-- Instructions for the task --
With pictures left out, output word for word the lines from the one containing "Aina Curtains 1" through the end of the material below.

-- Available data --
_ _ _ _
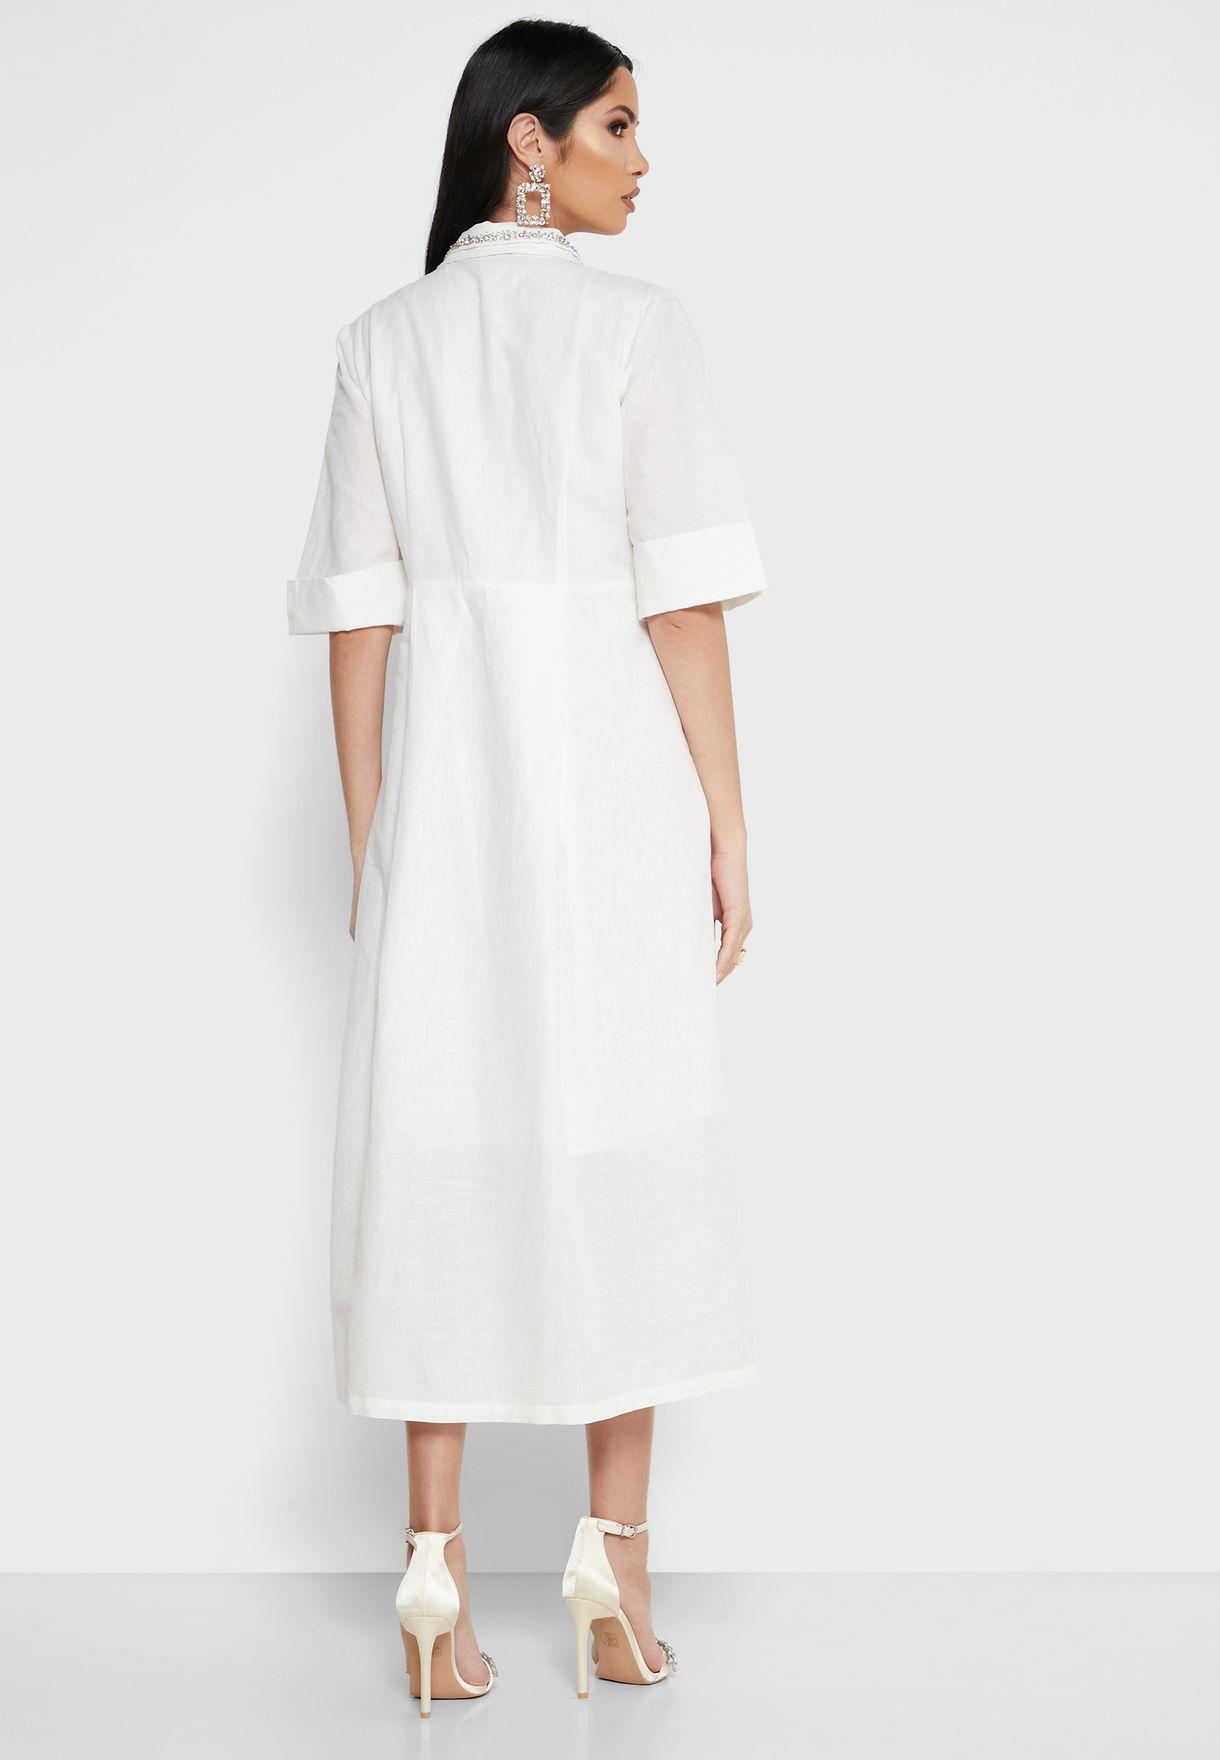 Embellished Collar Shirt Dress
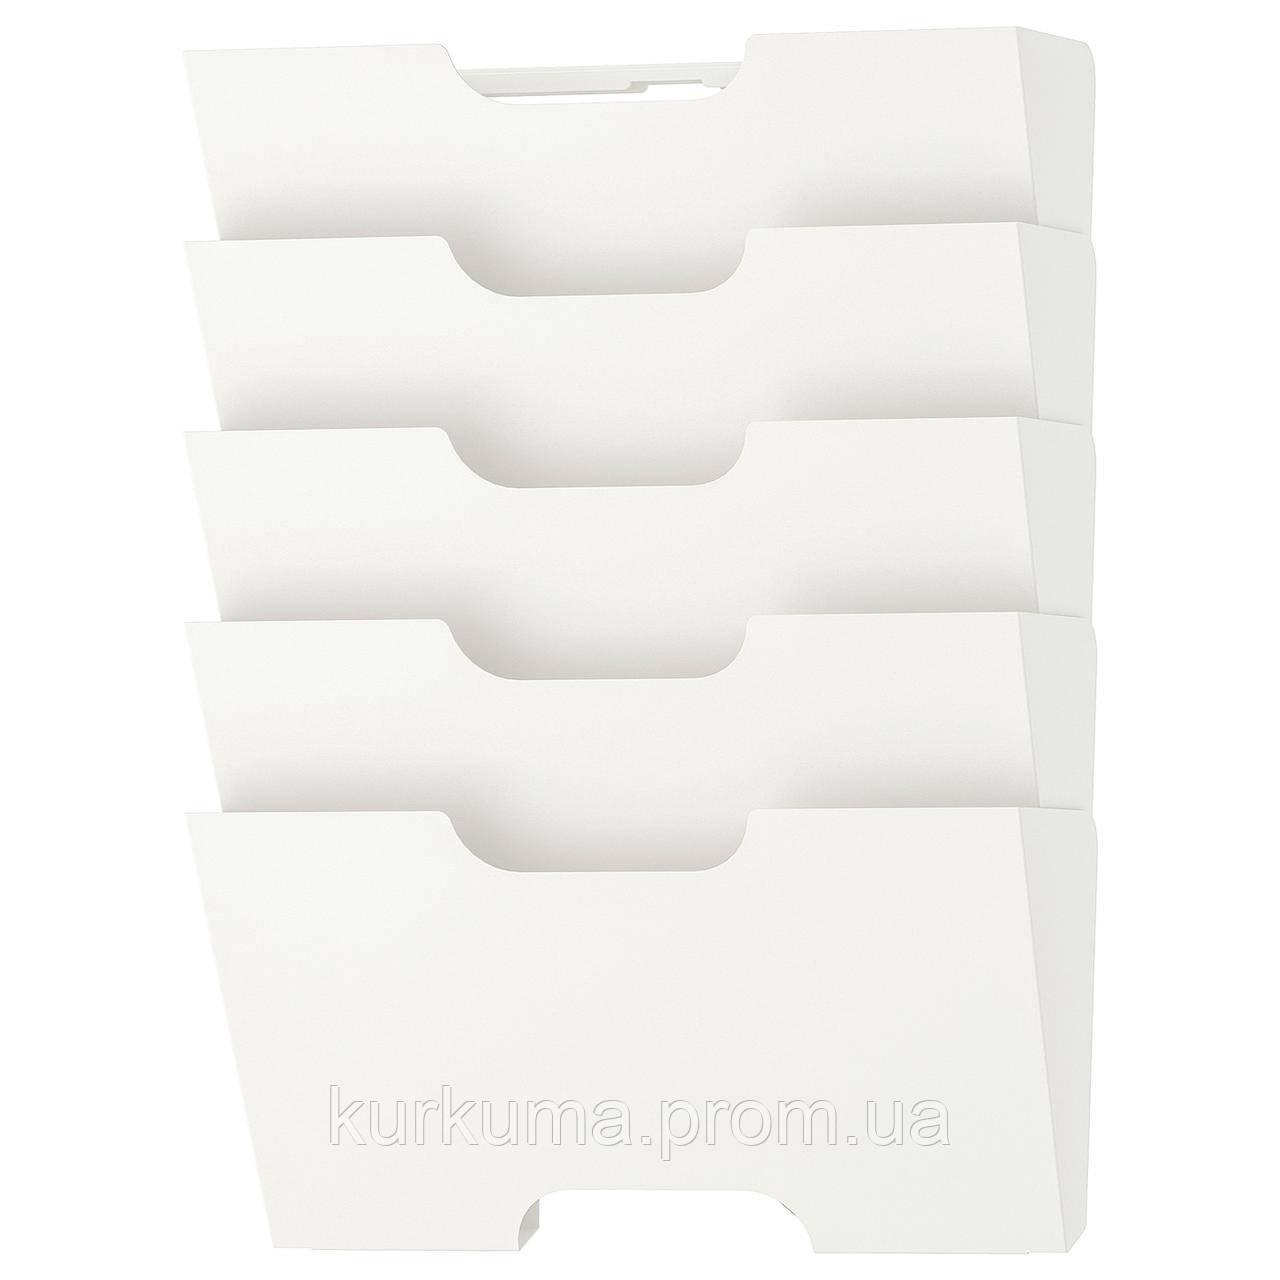 IKEA KVISSLE Настенная полка для газет, белая (901.980.30)
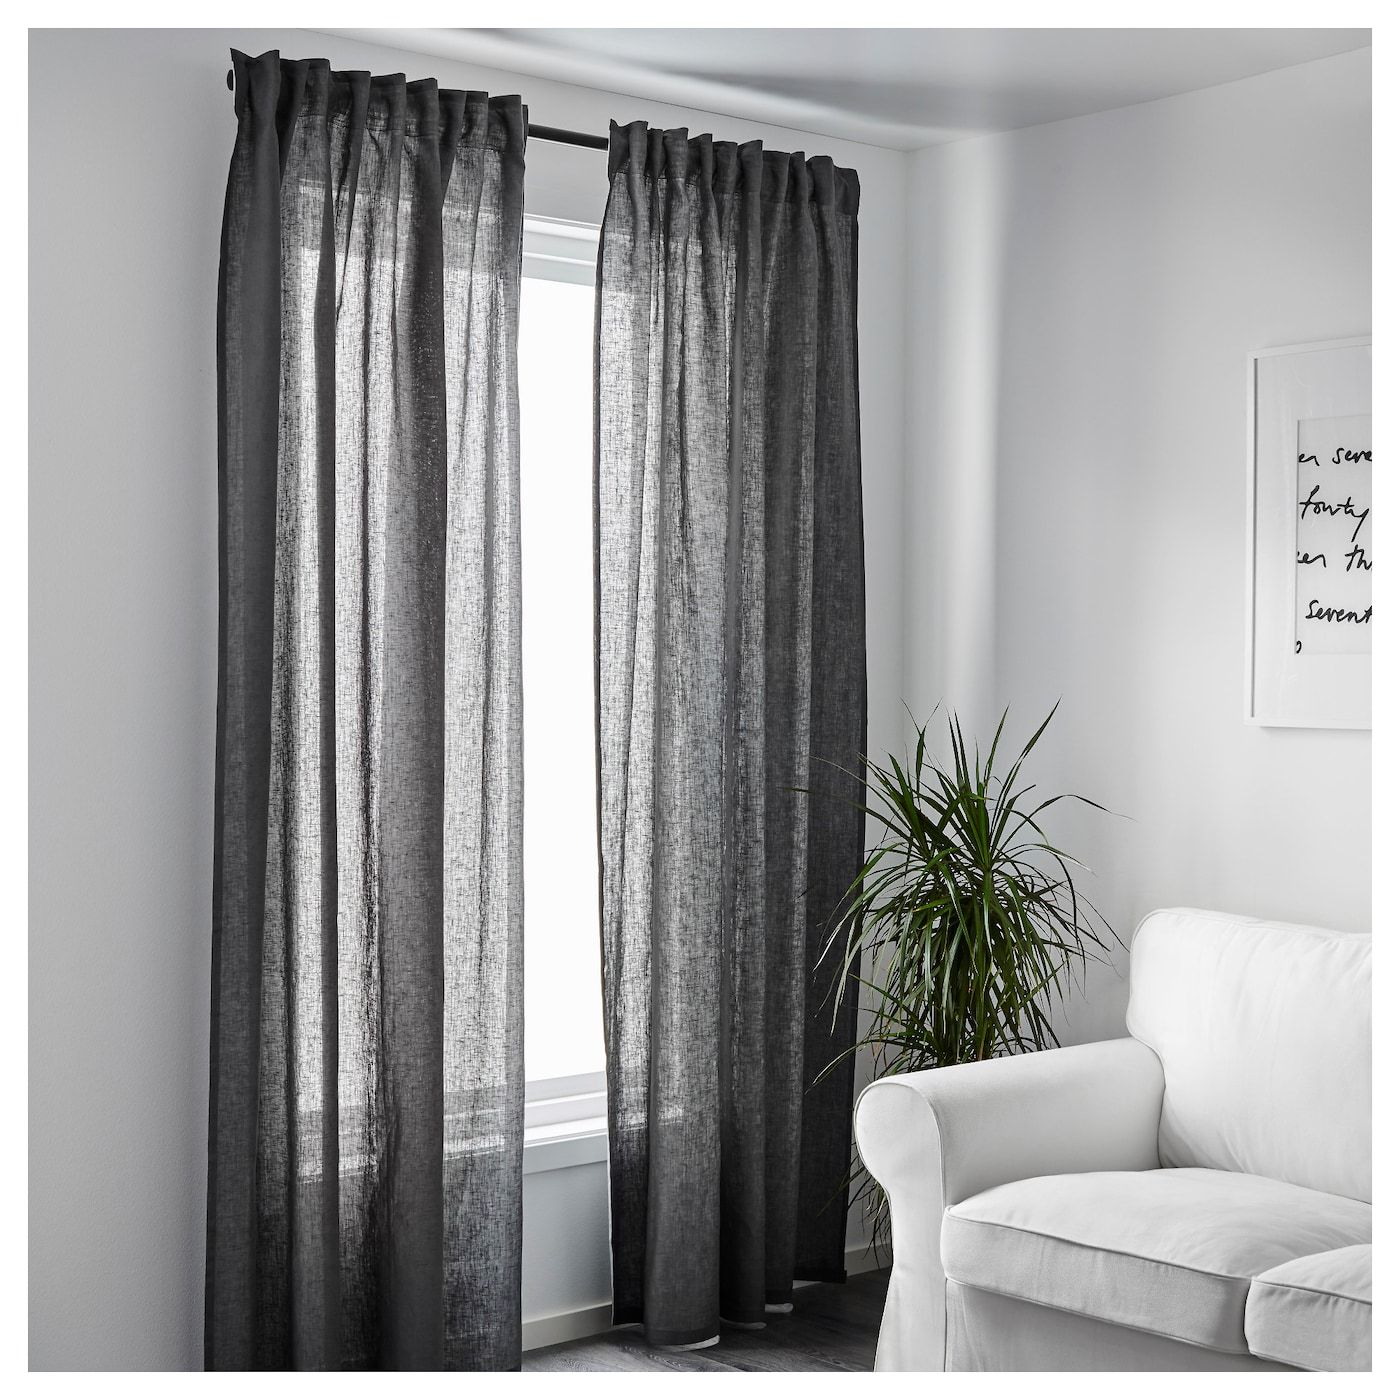 Aina Curtains 1 Pair Dark Gray 57x98 Grey Curtains Living
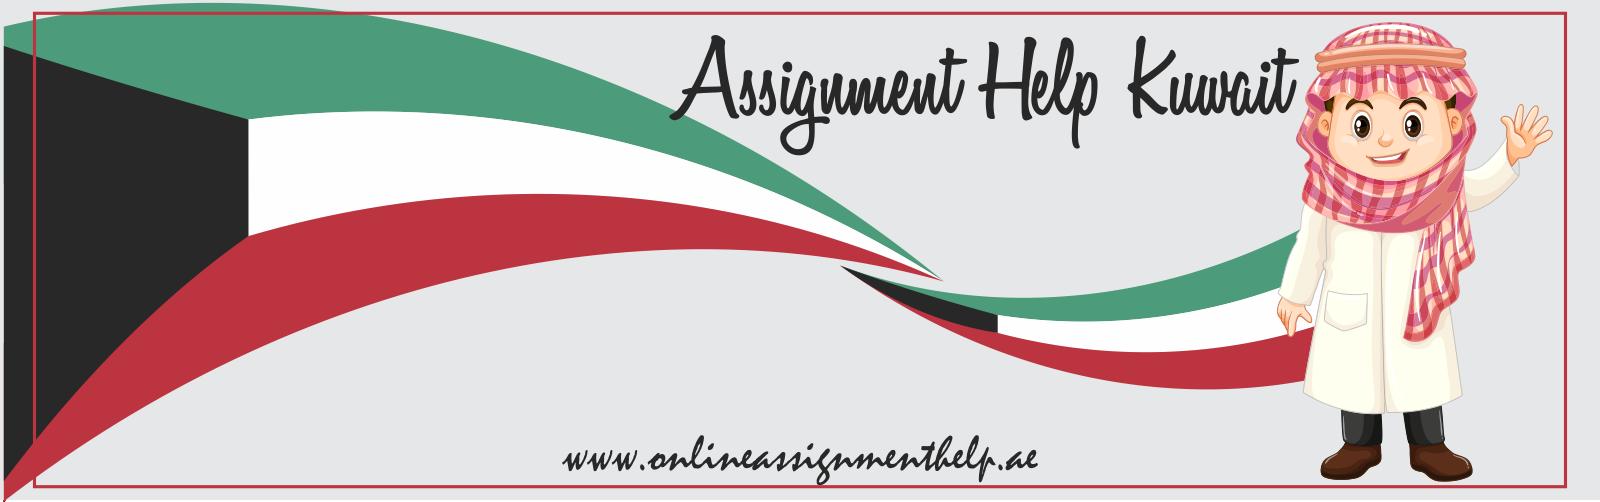 Assignment Help Kuwait
_ _ _ _
-- Result --
 Aina Curtains 1 Pair Dark Gray 57x98 Grey Curtains Living
 Assignment Help Kuwait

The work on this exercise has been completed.